Despite their efforts, Ansell argues that none of these strategies really worked. This forced PT activists to reevaluate their understandings of the relationships between political elites and agrarian workers. Ansell calls these relationships, or networks of relationships, ‘intimate hierarchies.’ As the name suggests, these relationships are not as strictly delineated as either clientelism or universalism, but rather serves as a middle way between the two. Thus, these relationships are not vote buying, or official exchanges of favors, goods, or services for political support, as are associated with clientelism. Rather they are the long-term, unbalanced, yet mutually beneficial agreements between political elites and the masses according to which gifts, favors, goods, or services are to be exchanged without official records or an expectation for exact calculations.

While these previous strategies were all fairly unsuccessful, Ansell notes that the PT activists did have some positive impacts on the region and the agrarian workers. First, livestock projects, which aided in the monetary and logistical complications of raising livestock, did assist the economic standing of farmers in the region. Second, activist involvement proved beneficial for women, as it shifted the patriarchal understanding of the household. Third, strategies like induced nostalgia and programmatic pilgrimage did assist in the formation of an understood community based in lower economic standing of the region, and its citizens, as a whole. And lastly, the emphasis of rights in the Zero Hunger Program shifted perceptions away from strict notions of clientelism to a heightened sense of mutual respect and long-term cooperation.

== Critical reception ==
Reviews of this book were completed by Stanley E. Blake in the Hispanic American Historical Review 95 (2015): 381-382. and Robert Gay in the Journal of Latin American Studies 47 (2015): 630-632. Stanley E. Blake (Ph.D., State University of New York, History, 2001) is a professor of history at the Ohio State University specializing in national identity in modern Brazilian and Latin American history.

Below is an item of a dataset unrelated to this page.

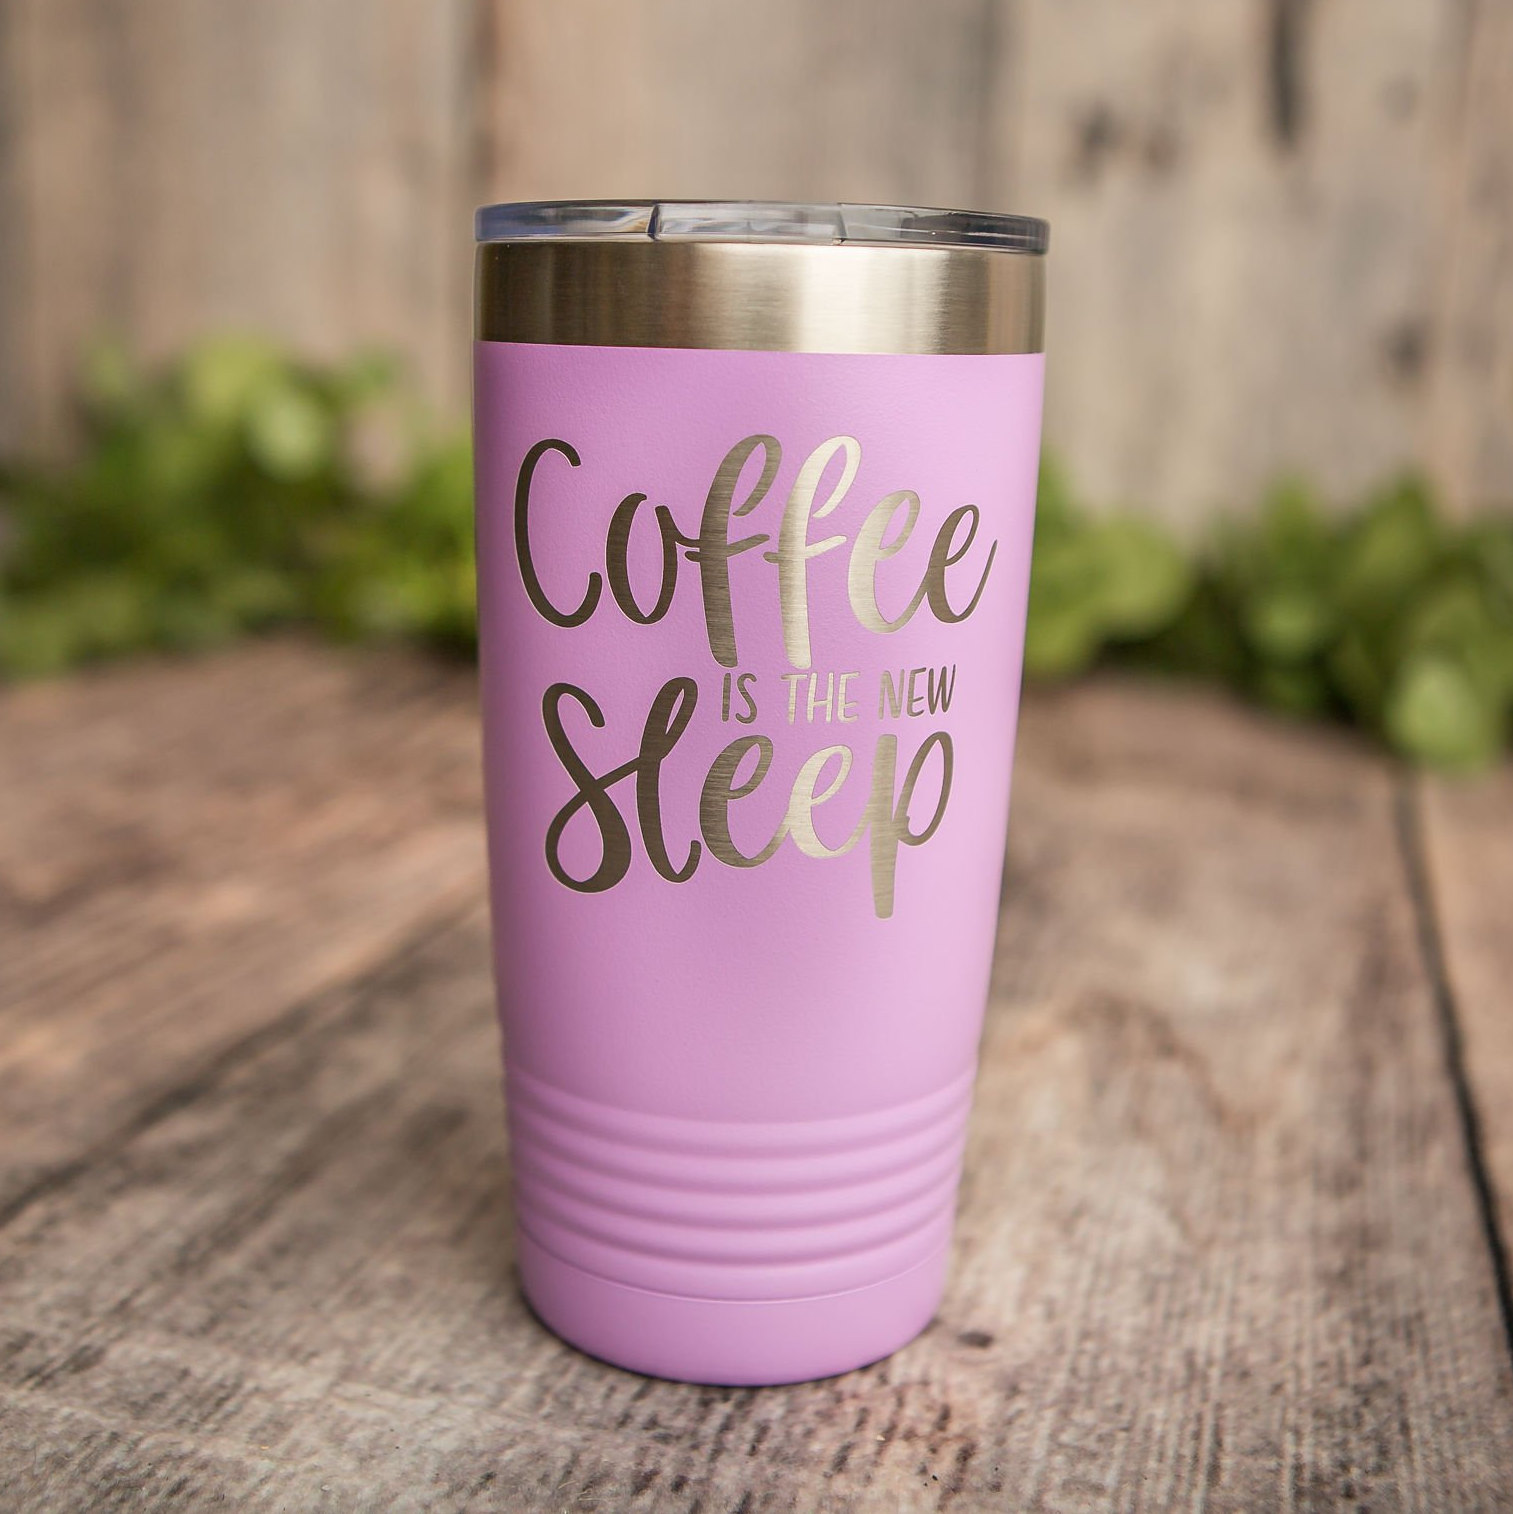 https://3cetching.com/wp-content/uploads/2020/09/coffee-is-the-new-sleep-engraved-stainless-steel-tumbler-insulated-travel-mug-funny-coworker-gift-5f5fc7e0.jpg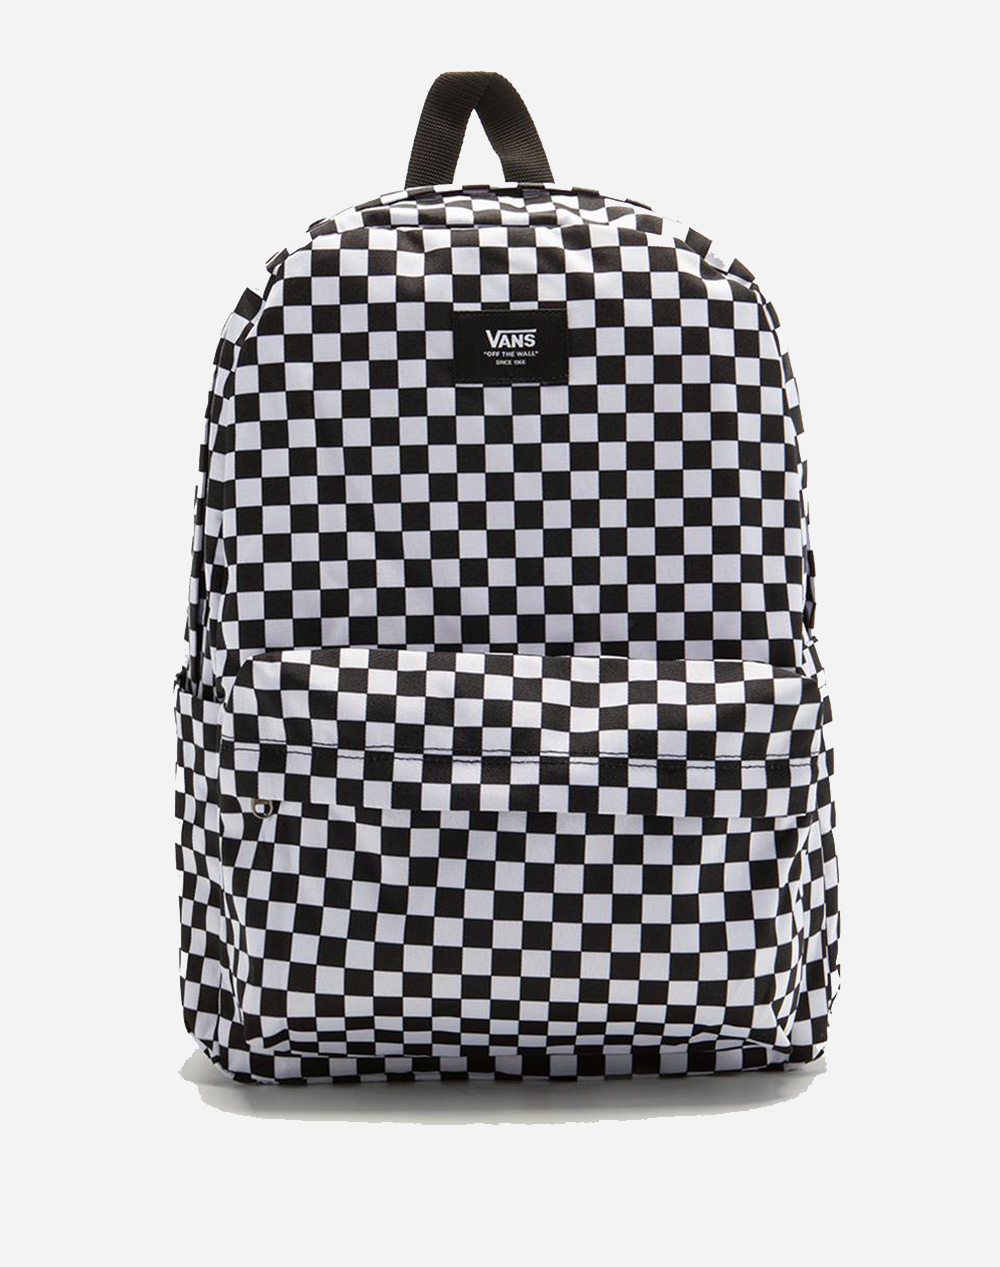 VANS Old Skool Check Backpack VN000H4XY281-VNY28 Mixed

Robert Gay (Ph.D., Brown University, Sociology) is a professor of sociology at Connecticut College specializing in democracy, violence, and organized crime in Brazil.

Blake praises Ansell for his analysis of patronage through the use of rational choice theory in the establishment of the concept of “intimate hierarchies.” This analysis is seen to force a conversation among historians on assumptions regarding the relationship between rural Brazil's residents and their politicians and bureaucrats. Gay echos these praises, adding commendations for Ansell's grounding of clientelism and universalism in lived social and political experiences, rather than discussing them in the abstract. Additionally, Gay notes the use of multiple voices and a lack of emphasis on the author as an asset to the book's design and execution. Unlike a lot of ethnographies, this is not one that is dominated by the author’s voice. On the contrary, throughout the book we get to hear from a wide variety of actors, from poor agricultural workers, to local politicians, to out of town administrators and activists. This is no small achievement in a community where being seen talking to one person can close off access to another. Ansell proves that he is a skilled ethnographer by the very fact that he can bring so many different voices to the table.While Gay forgoes significant criticism, Blake is hesitant to fully embrace the analysis due to the use of anecdotal evidence and the lack of attention to long-term effects of the policies in question. Blake also notes that the anthropological account “would have benefited from a deeper engagement with the work of Brazilian labor historians who have demonstrated the ways in which workers further their own economic, social, and political interests by challenging and negotiating with employers, labor unions, and the state.”

== Awards ==
Zero Hunger won the 2015 Brazil Section Book Award from the Latin American Studies Association.